# Need sugestions for funky painted stirps in 1/2 bath



## jmb324 (Dec 29, 2008)

Stripes are "very in" right now....and there are many products and applications out there to make it easier. That new "wallpaper that goes on like paint" works very well for striping but can get pricey, although a few friends have told me it was worth it in the time and headaches they had encountered in past stripe attempts.

*I saw a tip on hgtv about painting stripes...
they had the stripe design measured/layed out with blue tape and before starting painting she took a clear acrylic paint and coated the edges of the tape, claiming that it prevents any bleeding of the colored paint behind the tape.

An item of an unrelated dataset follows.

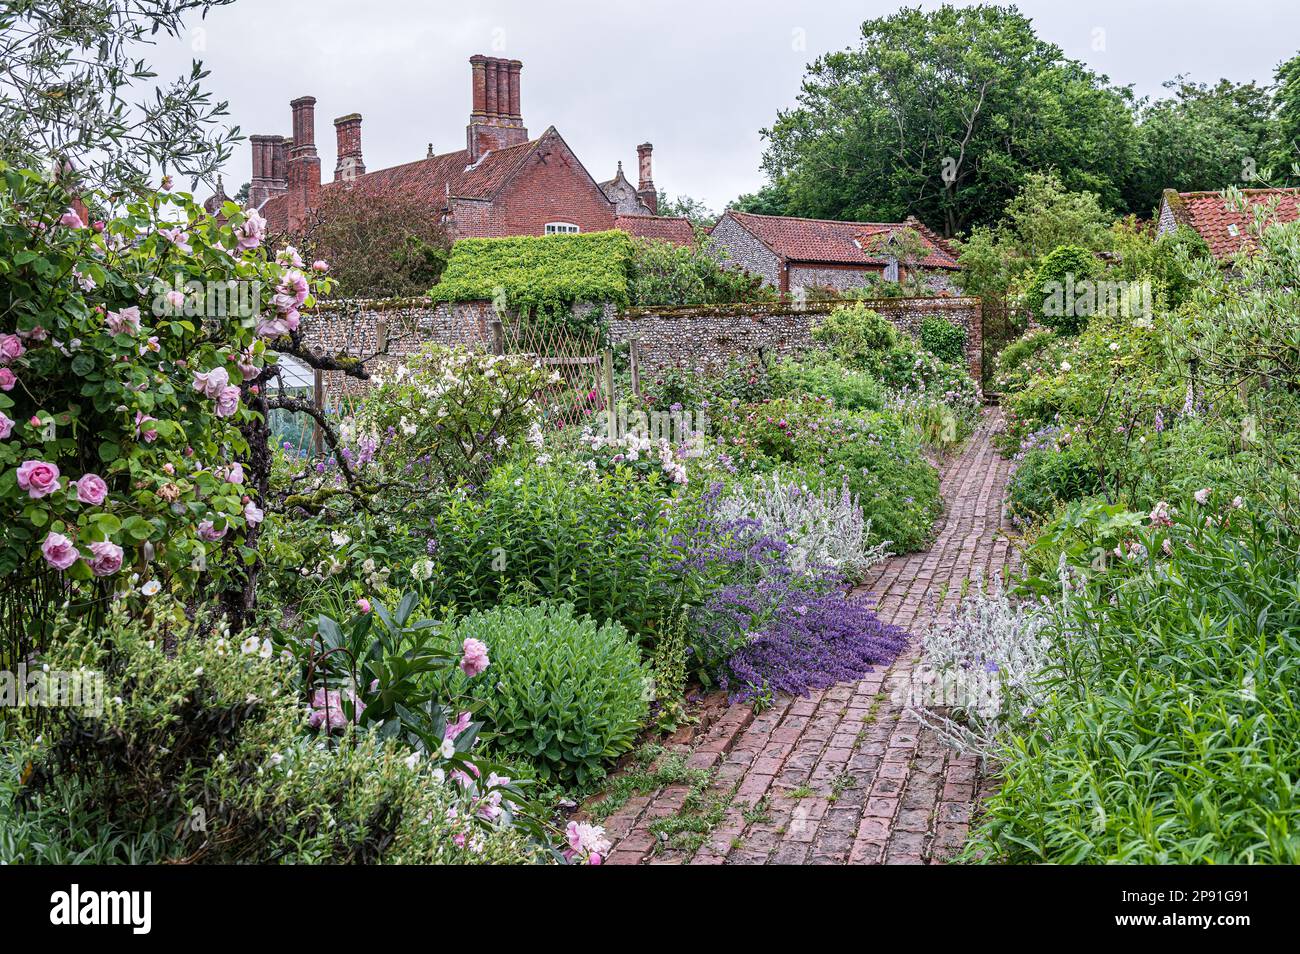 Kitchen garden at Wiveton Hall 17th century Jacobean manor house, Norfolk, UK Stock Photo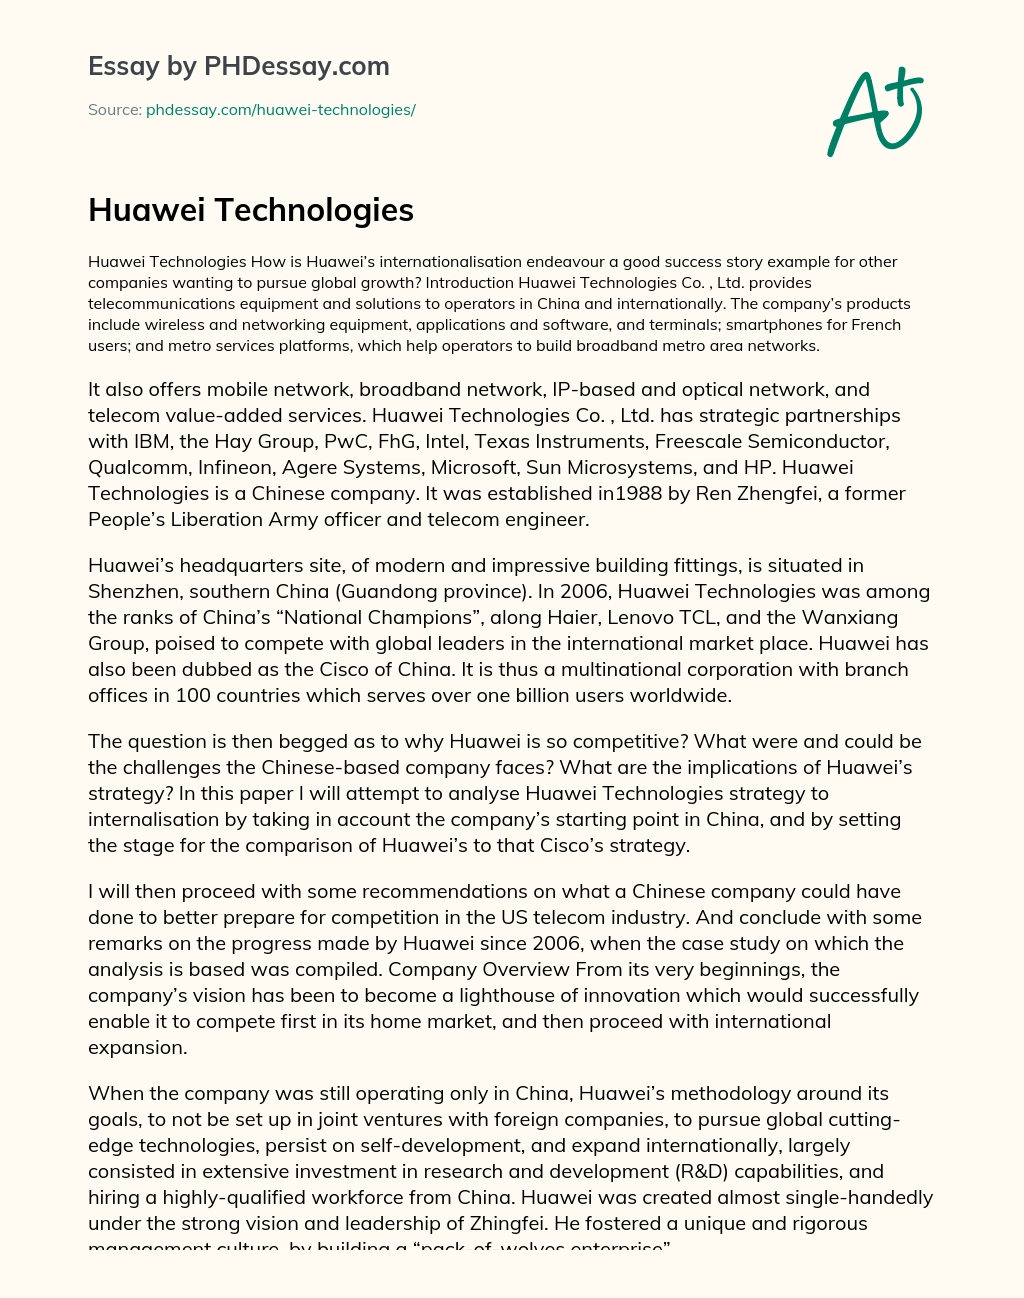 Huawei Technologies essay

A decorator friend of mine just did her guest bath in wide vertical stripes of a fairly light lavendar and a blue-ish gray and it turned out very impressive...
she did the lower half of the wall to chair rail height in the blue-gray then did the upper in the stripe, added the white chair rail and crown molding and framed the mirror out in the same molding--decorated it in a spa like theme with colored glass and some shells etc...its really got the wow factor without being over done or too high end.

Another friend did her teens bath in a blue on white horizontal stripe and did a wavy pattern like you mentioned, it also turned out really well...but she did say the curvy lines were quite the challenge taping off etc...she did a texture treatment on her stripes to create the idea of water as well.

Good luck with your project...I look forward to the results!


----------



## harleysilo (Jun 19, 2006)

Finished the last of the drywall sanding and primer last night (they said the primer couldn't be tinted as dark of a brickred as I wanted, they were right....


----------